Pagi tadi, ketika di Kentungan ada misa untuk memperingati seribu hari Rm Purwatma, sahabat saya yang lain mas Gunarto menengok ibu saya di Muntilan. Kebetulan Merto72, angkatan mas Gunarto dan Rm Gito lagi reunian di wisma PPSM. Angkatan ini, di sela reunian di Muntilan sejak tahun-tahun terakhir, selalu menyempatkan diri menengok orang tua para imam dari Muntilan. Ibu saya, pada usia 90 tahun badannya masih baik. Tetapi penyakit dimentianya sudah makin parah. Sudah setahun terakhir ini, ibu sama sekali tidak bisa kenal siapa-siapa dan tidak bisa komunikasi lagi. Istilah adik-adik saya : ibu sudah ada di alam nirwana. Kepada ibu kami yang seperti itu, mas Gunarto datang menengok. Ibu saya memang guru mas Gunarto di SMP. Ibu pula yang menjadi sponsor utama dan menyemangati para murid SMP Kanisius Muntilan termasuk mas Gunarto untuk masuk Seminari. Cukup banyak anggota Ikafite yang pernah menjadi murid ibu, termasuk Mgr.Yustinus Harjosusanto.

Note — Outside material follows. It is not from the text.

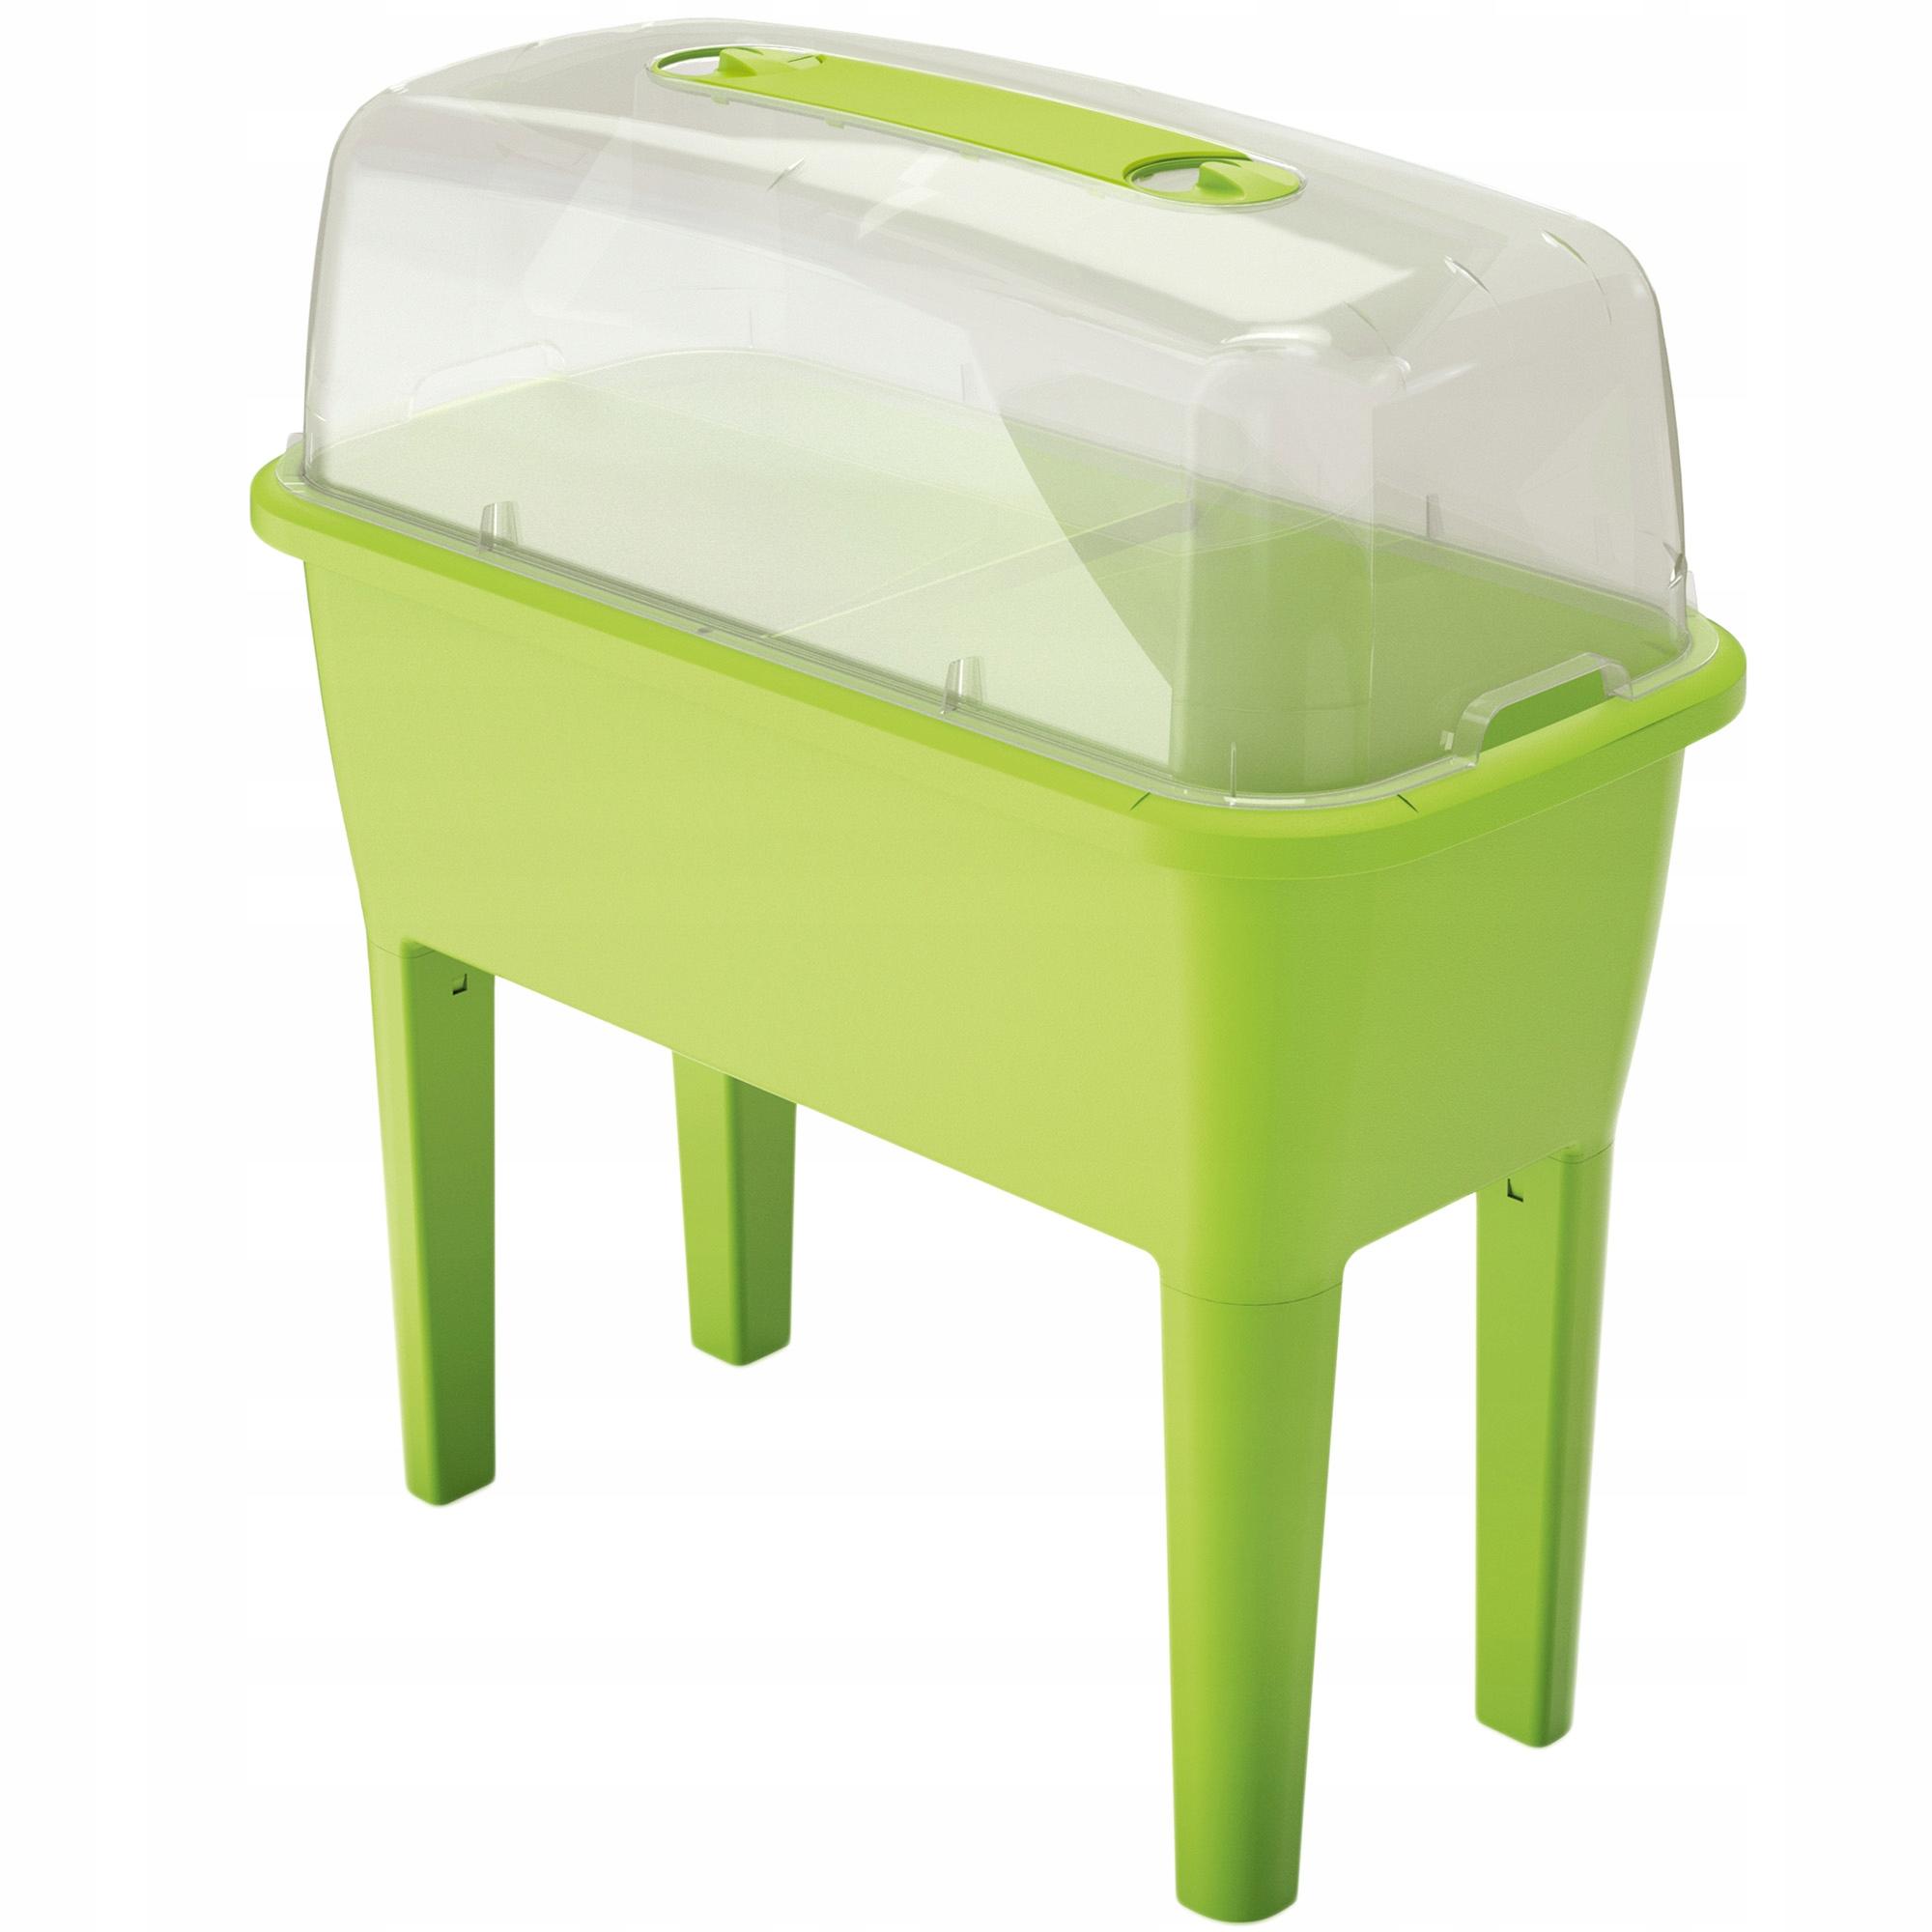 Greenhouse Balkón Skontrolujte s veľkým zeleným hrncom

Kendati tahu, ibu saya sudah tidak bisa apa-apa dan mengenalnya, mas Gunarto dan banyak teman Ikafite seperti Rm Jelantik, Rm Purnama, mas Suryata, Rm Gito dan banyak lagi yang setia menengok ibu.
Kepada ibu saya yang sekarang ini begitu lemah dan tidak mengenal apa-apa dan siapa-siapa, ada muridnya yang masih menganggap “ibu saya dari segala ilmu”, apalagi ibu gereja kit aini dan almamater kita. Ibu kita, ibu gereja kita dan ibu almamater kita sudah jelas pernah mencurahkan cintanya habis-habisan pada kita.

Semoga pada masa peringatan 60 tahun KV2 dari tahun 2022-2025 ini, kasih kitapun pada gereja, pada sesama rekan imam, pada umat dan saudarari-saudari kita juga makin berpijar. Karena hanya kalau kita punya cinta yang besar kepada Tuhan dan GerejaNya, punya belarasa dan passion itu, maka kita akan memiliki gereja sebagai communio yang hangat dan penuh kasih sebagaimana selalu diajarkan dan dicita-citakan Romo Purwatma. RIP saudaraku Rm Purwatma.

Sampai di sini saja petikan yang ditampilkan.